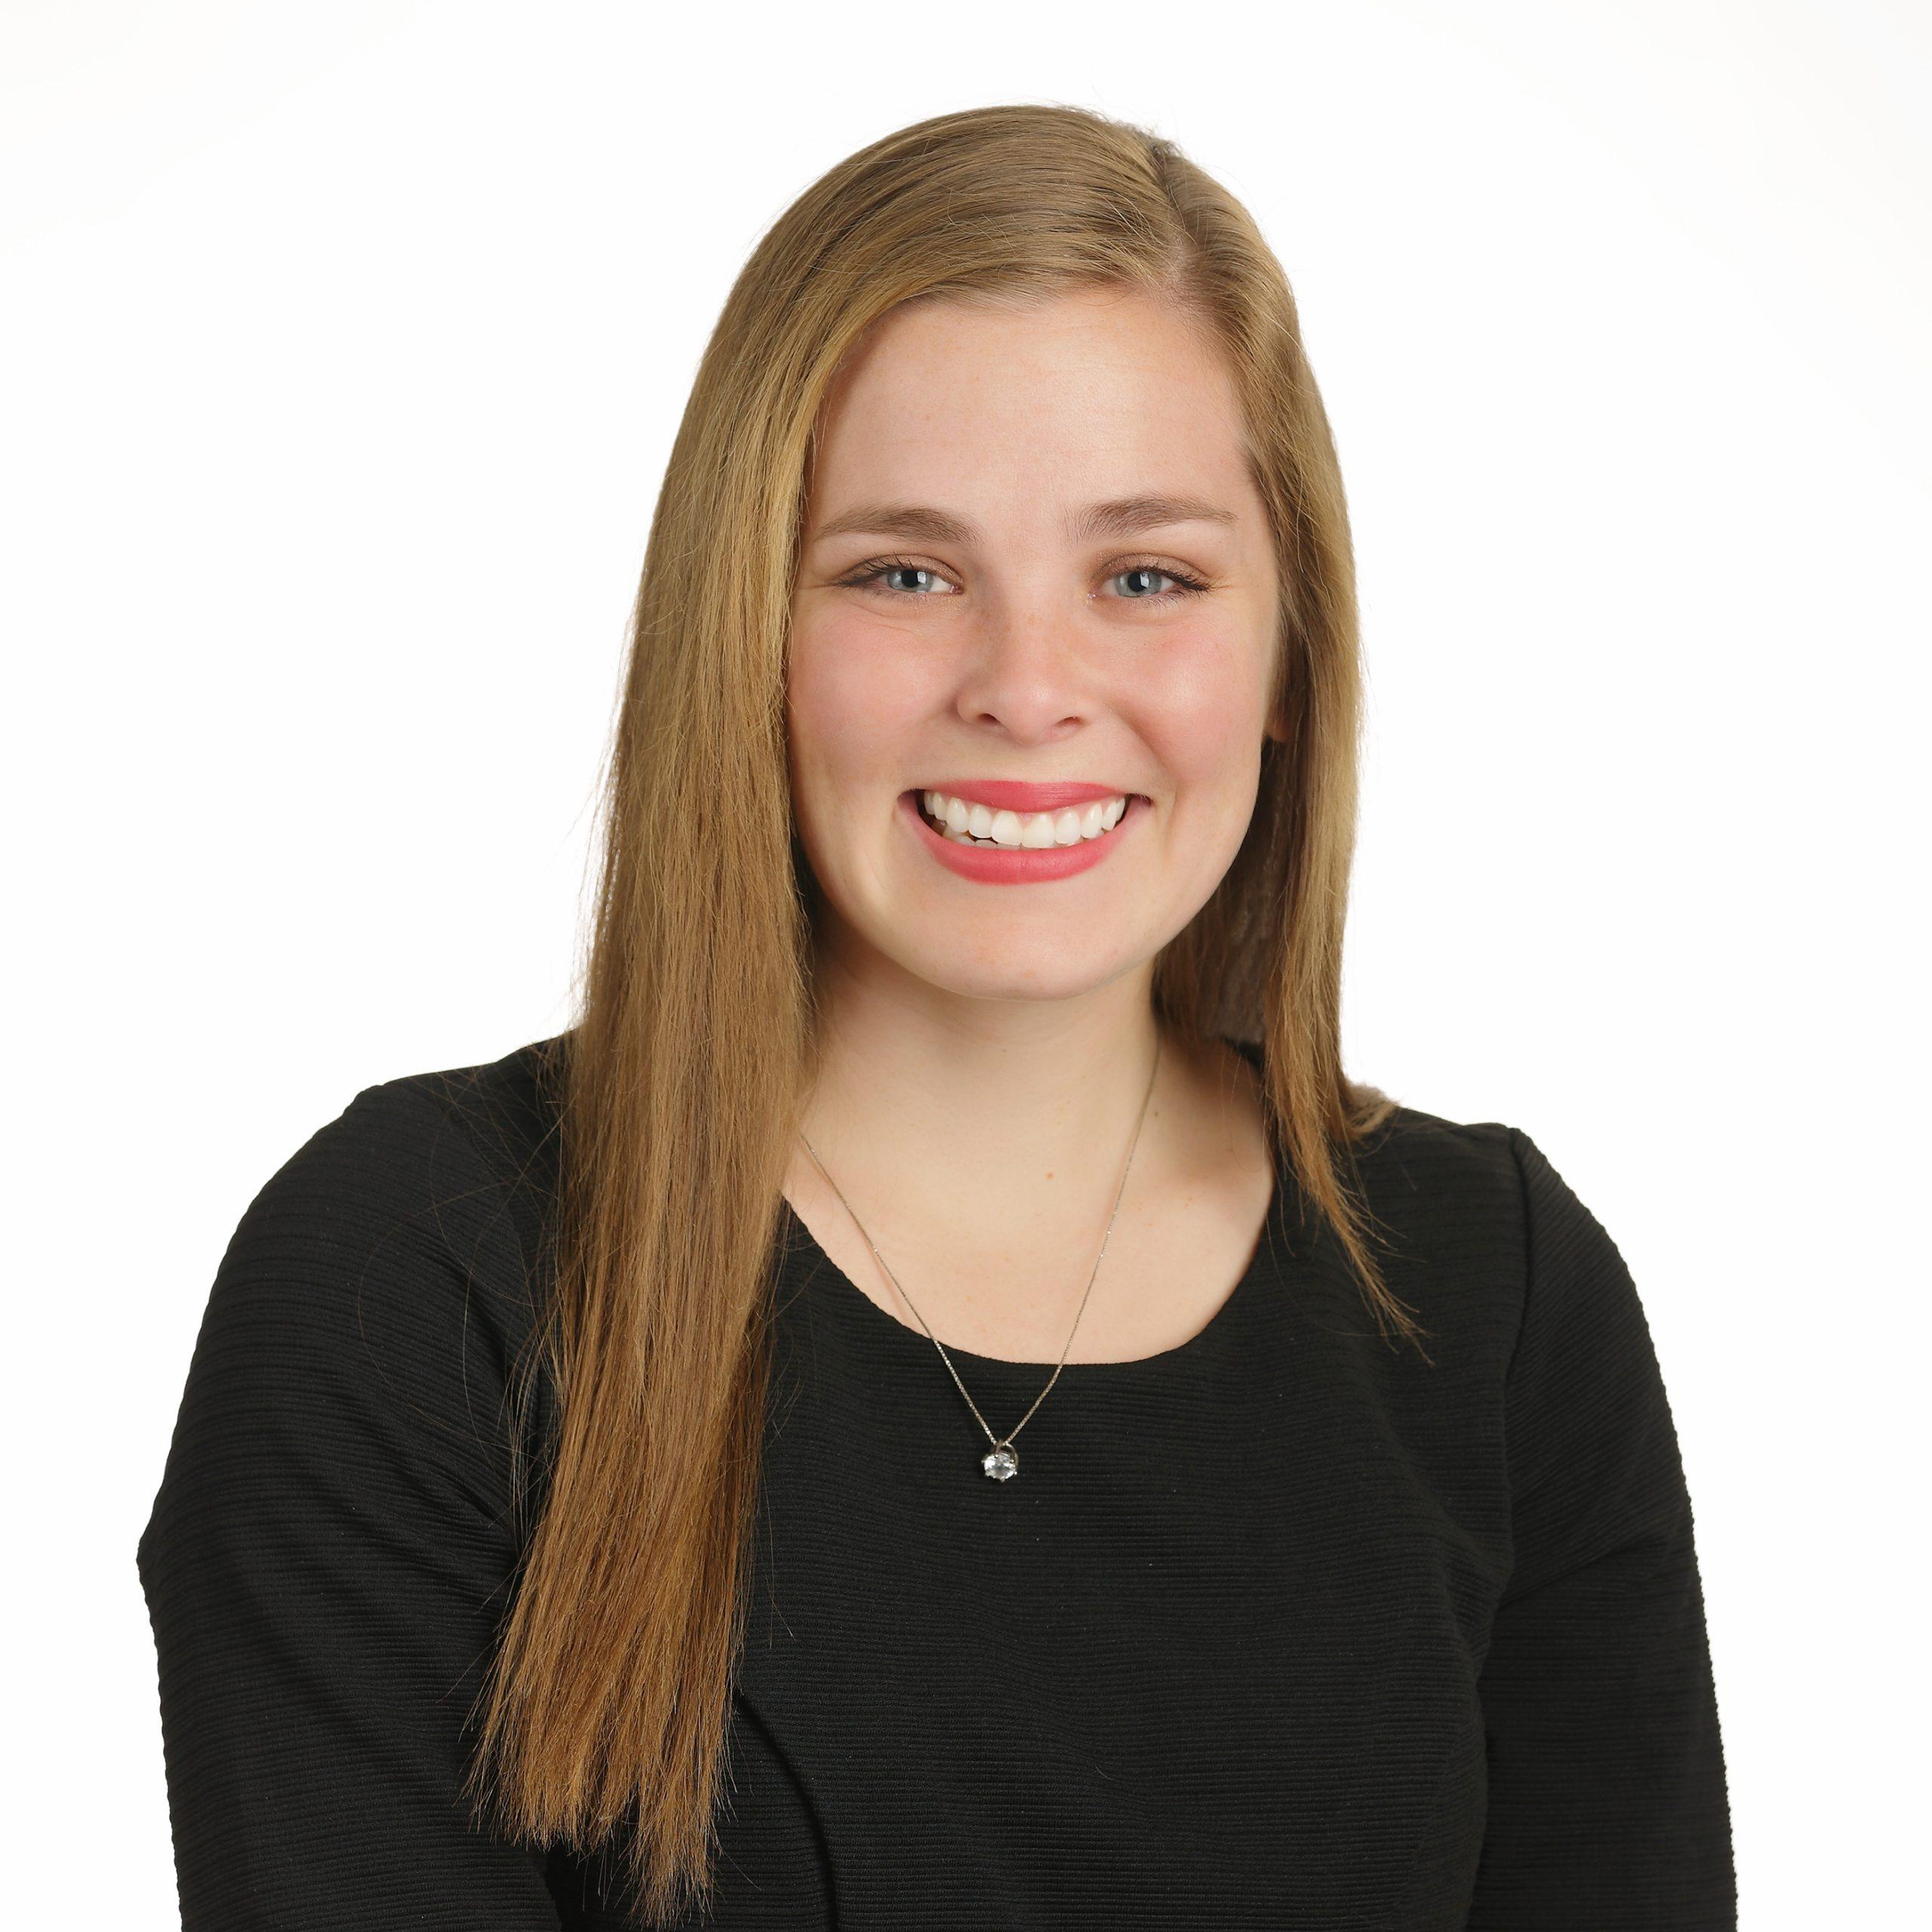 Lauren Deitering
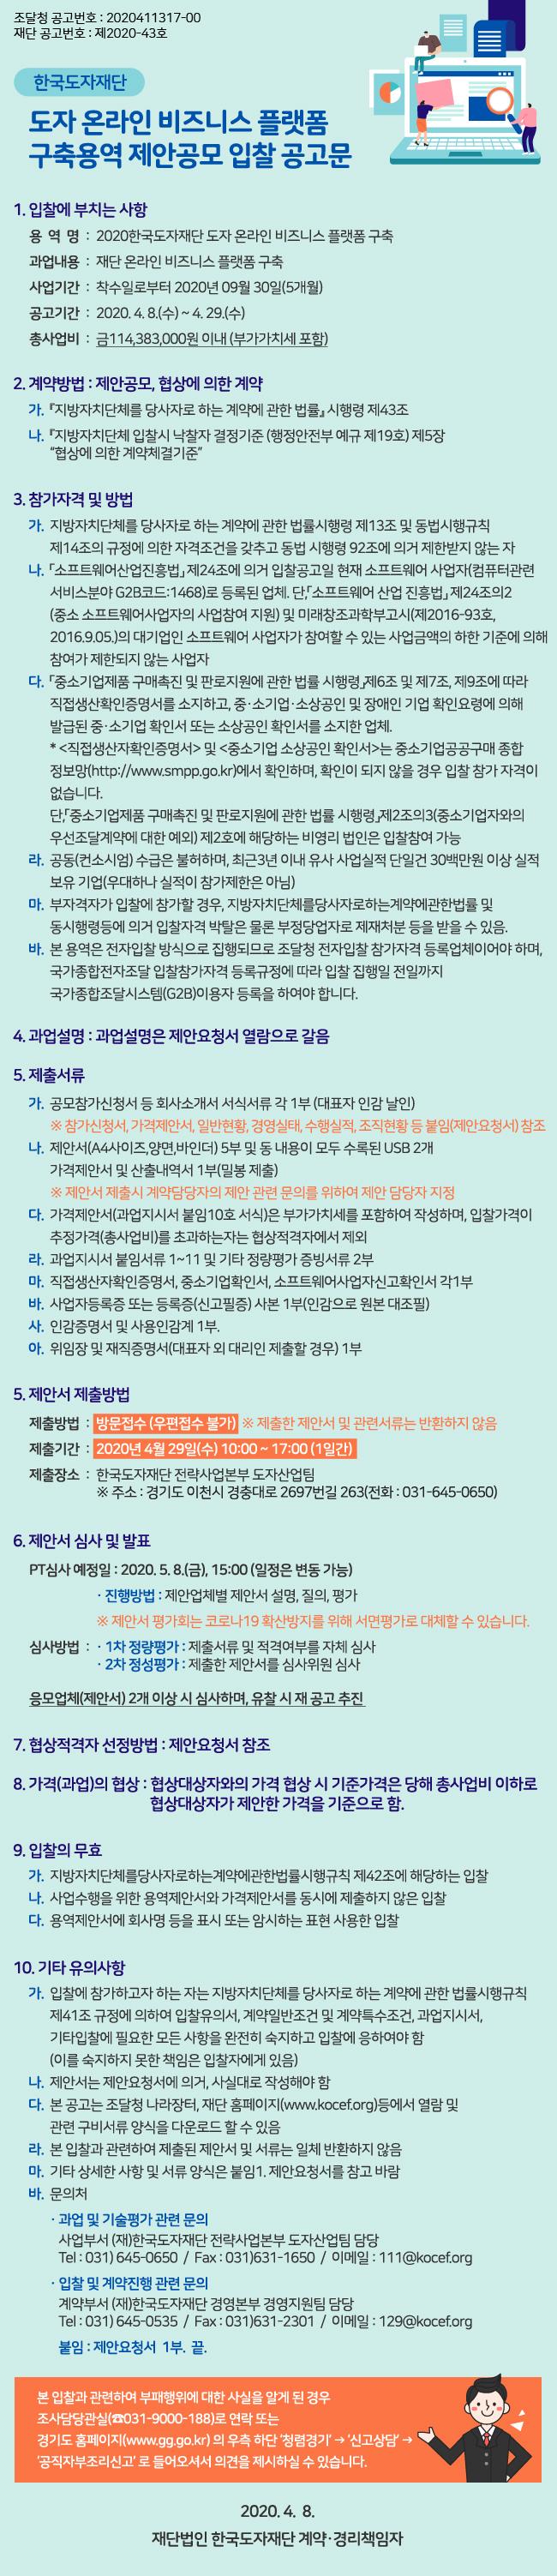 한국도자재단 도자 온라인 비즈니스 플랫폼 구축용역 제안공모 입찰 공고문
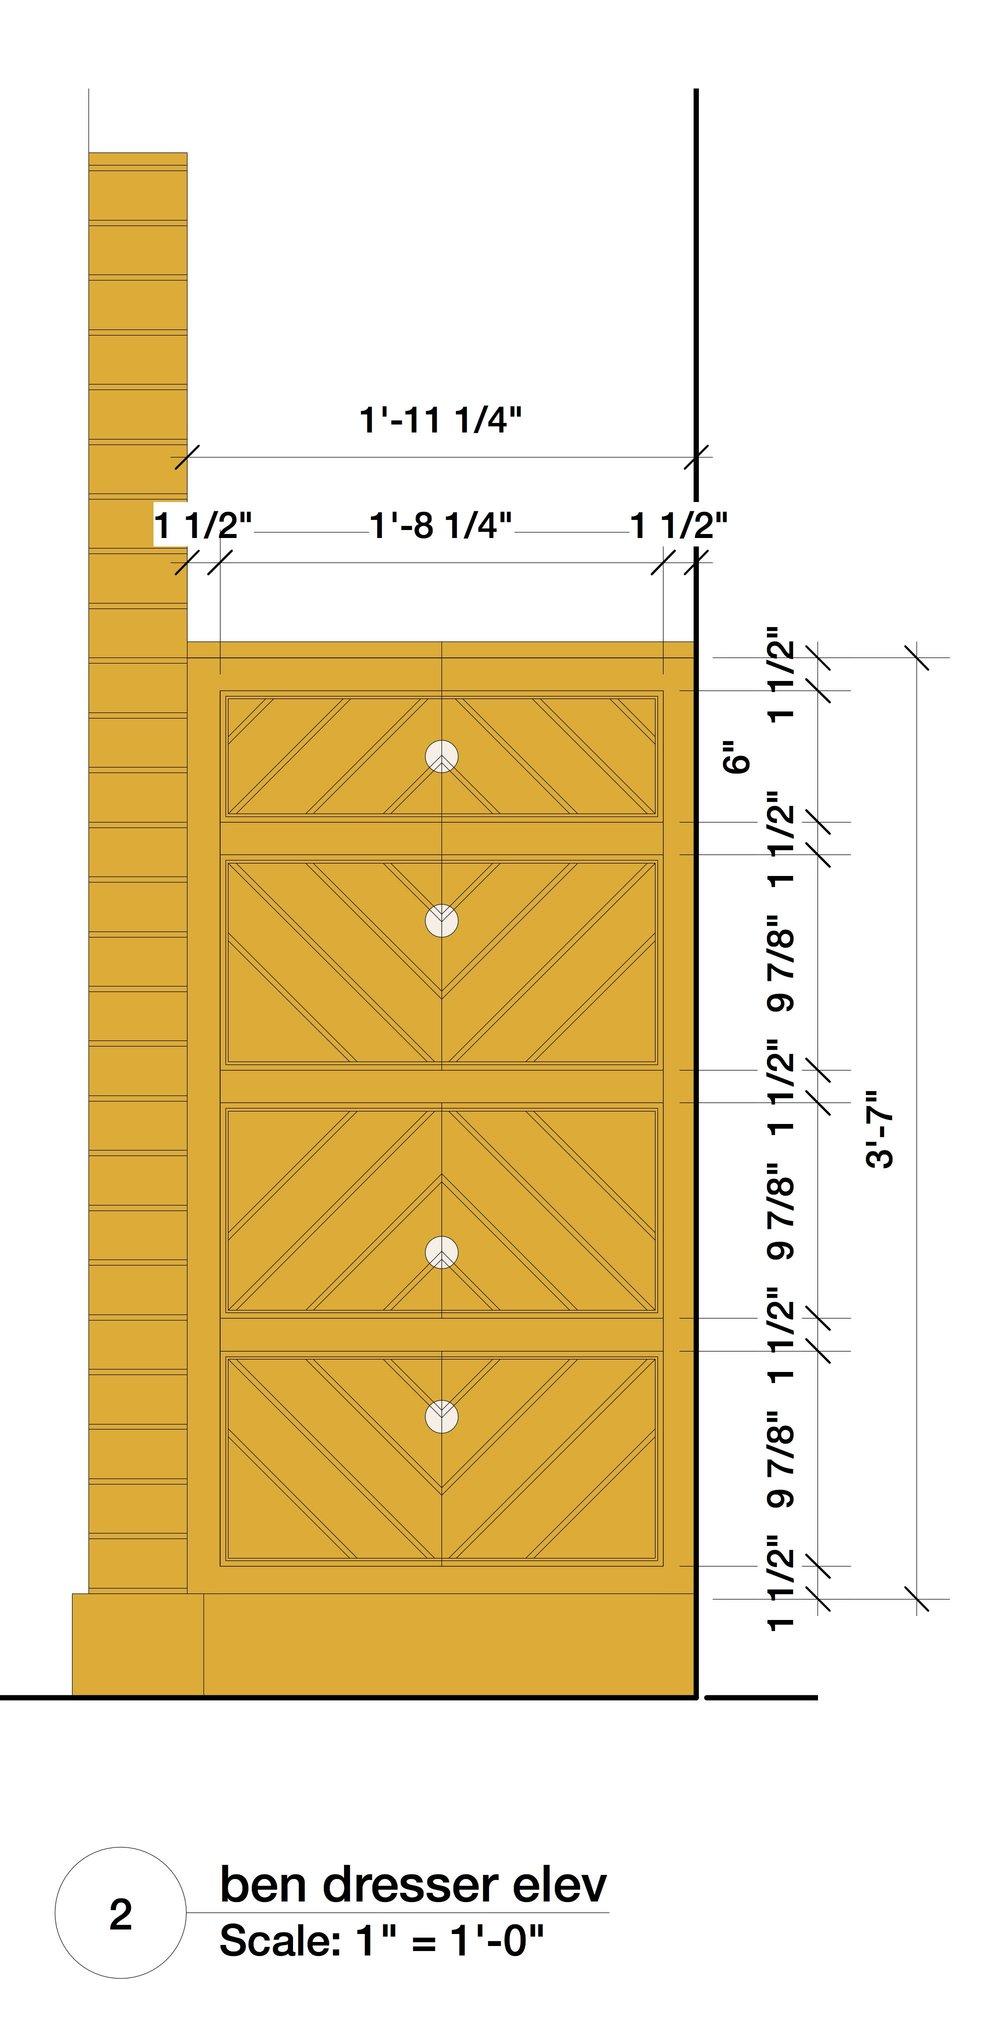 ben's dresser elevation.jpg
------------------------------------------------------------------------
## TASK BRIEF
No image belongs in the copy. Transcribe the full listing verbatim.

## COMPLETED EXERCISE
 Lauren Deitering
 한국도자재단 도자 온라인 비즈니스 플랫폼 구축용역 제안공모 입찰 공고문
 ben's dresser elevation.jpg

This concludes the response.